Send the heat this way!!!!!!

Marie said...

This heat will all be gone when I arrive in August, right?

I think you'll get a kick out of the sign I saw posted regarding suppport of gay marriage (this one from the US). It read: If you don't like gay marriage blame straight people. There the ones who keep having gay babies.

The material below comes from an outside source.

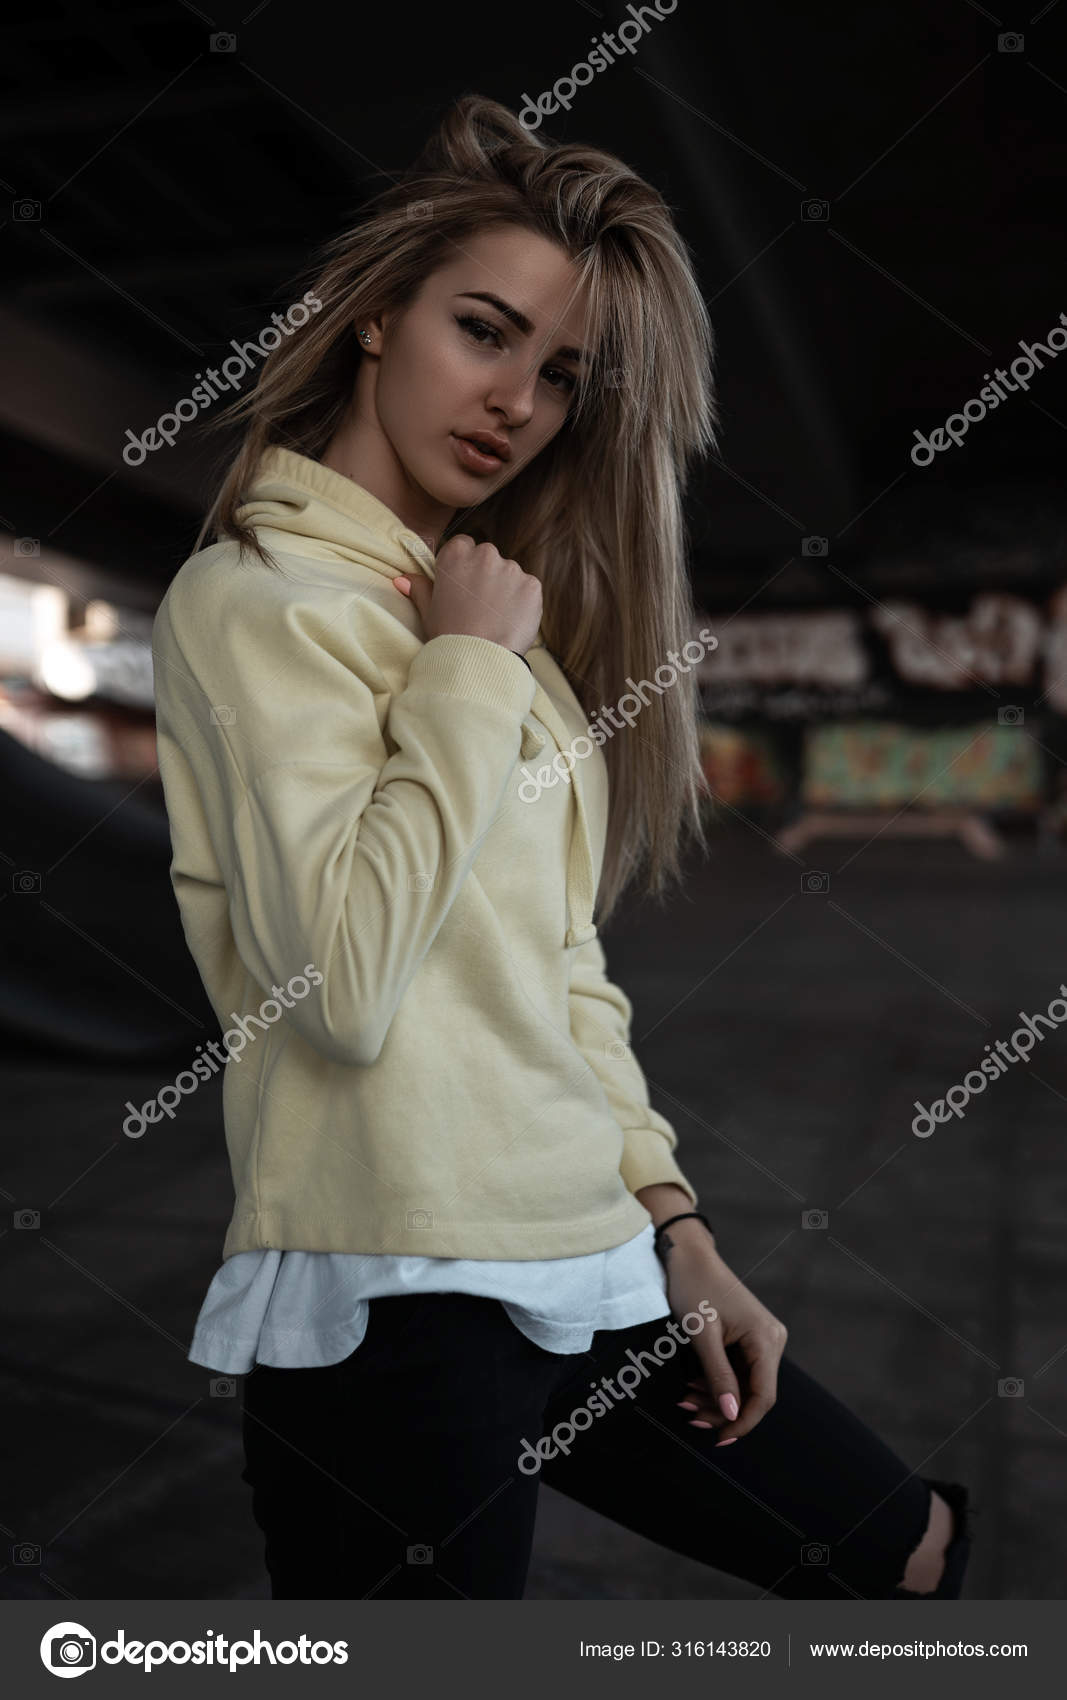 https://st4.depositphotos.com/28476324/31614/i/1600/depositphotos_316143820-stock-photo-cute-sexy-woman-casual-clothes.jpg
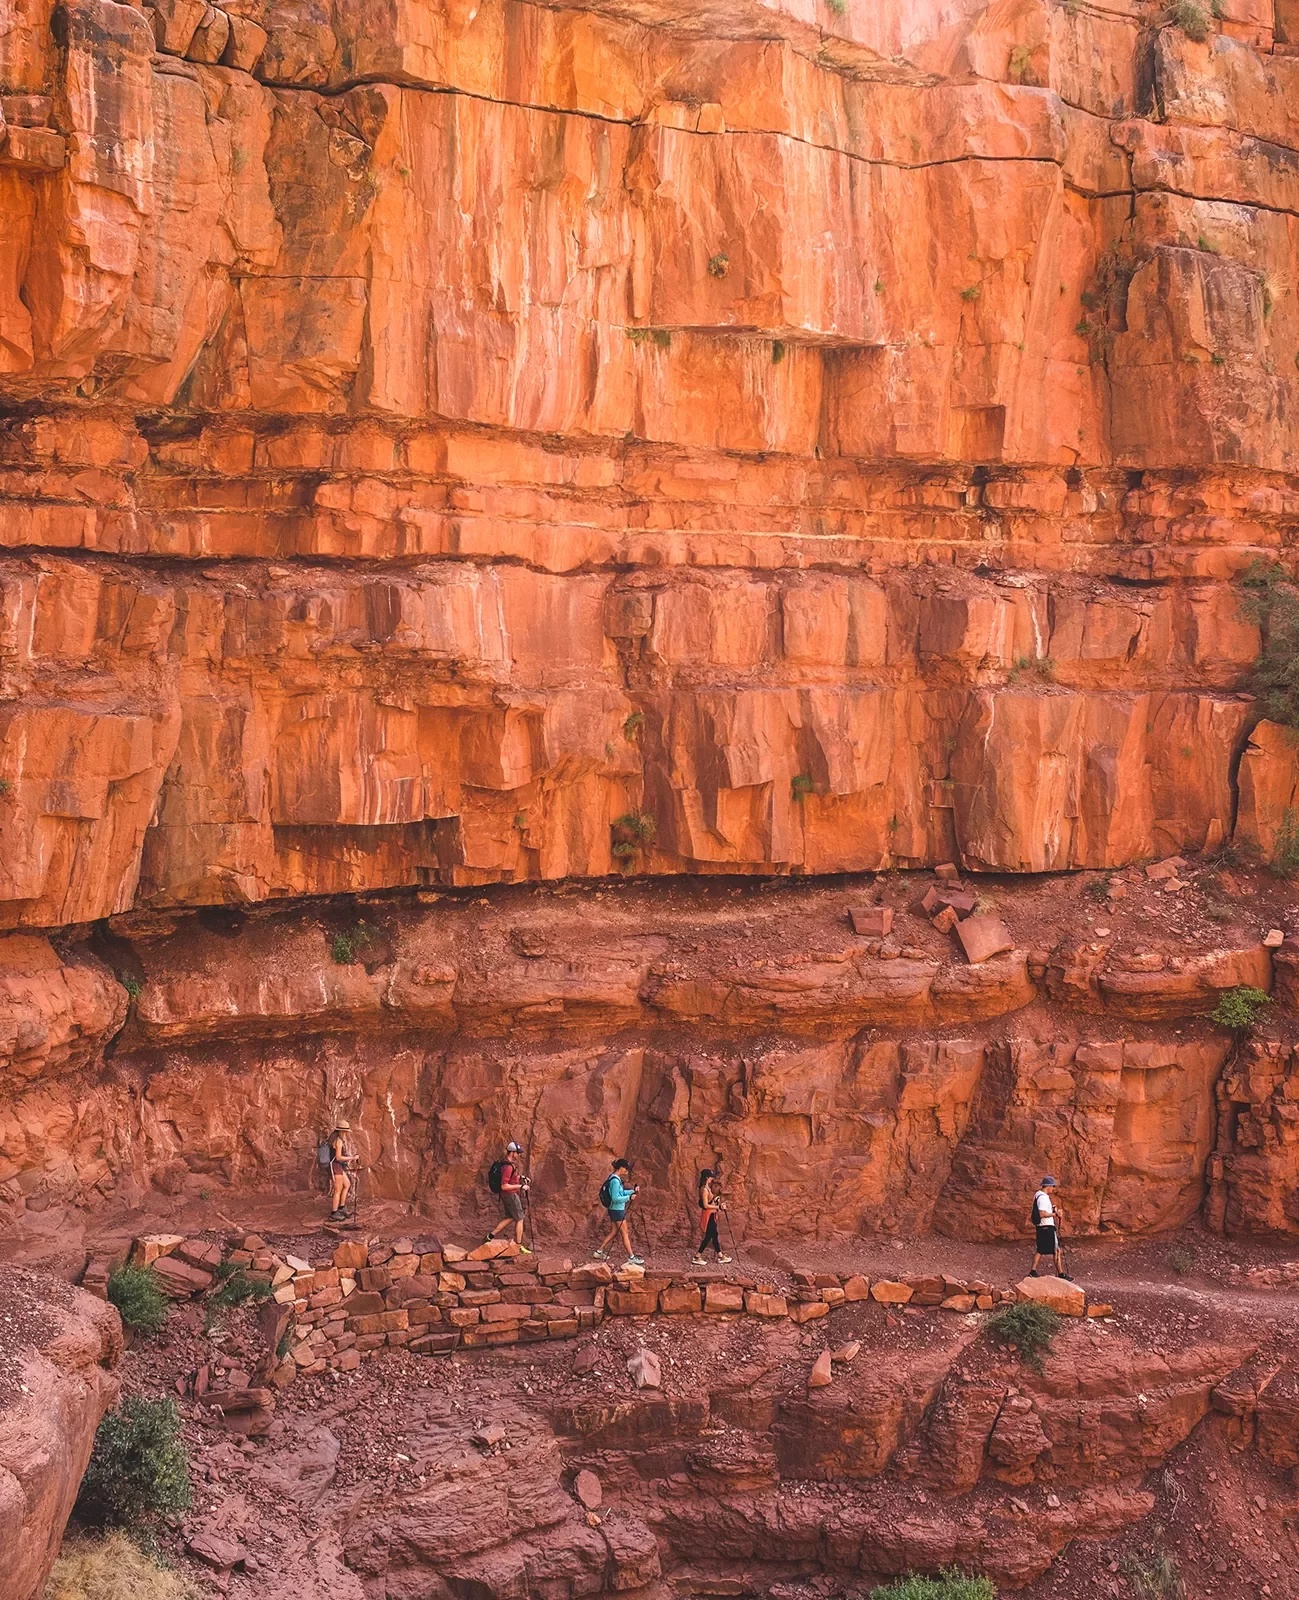 Five guests on cliffside trail, large orange rock face above them.

theaccidentalparisienne said...

I also found Gay Pride by accident, but at the end of my street. Thought it was the usual protest when I heard the carhorns but the super loud dance music and riot of rainbows told me different. Totally fun! The parade was huge!
The 'French Wedge' made me laugh. No respect for queueing but an intense need for process in other aspects i.e. heaven forbid I order from my baguette from the woman who takes the money at the bakery! Ah, the contradictions...
Thank god the heat has lifted. I'm new to Paris. Is it usually this hot?

Anne said...

MJ: I'm just leaving Paris, not actually dying. Your blog is in my Google reader and I will keep reading! I love your take on Paris.

Anonymous said...

OK, the Gay Babies comment has got me in stitches! I have totally forgotten your entire post. Except for losing your darling husband on the Metro. That was AWESOME.

Looking forward to being that weirdo who says to you on the street, "Hey! Aren't you MJ?"

New to Paris,
StayingPositive

MJ said...

Hi First Anonymous way up there (oh, to be able to reply individually to comments a la Wordpress....) Lucien is huge. He's growth spurt city right now and I barely recognize him from one day to the next.

Hi Steve. I'm going to write your words down on my hand so I have them handy next time someone cuts in front of me. It will probably be very soon. It sure is an awful lot of work to keep your place in a line around here.

And love your assessment -- indeed, I was way out of my league. I'm still a rookie.

Laughing Salmon -- true dat. It was not a day for fighting. On a cooler day, though, of course I would have punched the grandma.

C! You know, that's a great idea. She's going to need some welcoming. Sometimes hipsters aren't very friendly -- though my guess is they're still loads friendlier than Parisians? I'll keep you posted. Hi to P and F and whomever else you've got hanging around your house now.

Marie. I cannot promise you anything. I hope that kind of heat is gone for good, but one never knows what they're gonna get around here.

I love the "gay babies" quote. A friend of mine recently posted it on Facebook and it cracked me up.

Hello and welcome, Accidental Parisienne! Well...sometimes it's this hot. Sometimes it's not. There's no rhyme or reason to any of it. I just took a look at your blog, have to go read it a bit more in depth.

Anne. HA! You got me. I was projecting my own issues onto you -- I've decided the only way I'm going to survive a post-Paris life is to pretend Paris doesn't exist at all. I'll have to delete all Paris blogs on my reader -- at least until I'm "over" it, that is. I should have known you're a stronger person than I. We will miss your blog terribly. Best of luck with the move.

Staying Positive! You made it! Welcome! Can't wait to be accosted by you on the street!

Goodbye, all, and thanks for leaving comments that make me laugh.

Gina said...

Man, I'll bet I'm too late to leave a comment that you'll actually read, but nonetheless, I have to share. I live in Paris and am quite used to the line cutters (I usually do the cut back), but last weekend I was standing in the line for the toilet at the Vatican and A NUN cut in line! Not in front of me, but right behind me. She sauntered up next to me, assessed the line behind me, and decided nah, she was just gonna wedge in right where she was. Now really...a nun? I mean, I'm sure the pedophilia has a lot to do with the decline in the church's credibility, but this sort of thing can't help.

Virginia said...

You nailed it. And you're right the J-A museum is a beautiful place with or without the art. I think it's one of the best kept secrets in Paris. THat staircase is amazing. I must have taken a dozen photos of it before I realized there was ART ! :)
V

PS French AC is like a poooff of coolish air, not the Arctic blast we get here in the US!!!

MJ said...

Gina, Not the NUNS. There is no hope in the world. And I read all the comments, always.

Welcome again, Virginia. Agreed, that staircase is incredible. Love the description of French AC. A poof of coolish air. Perfection.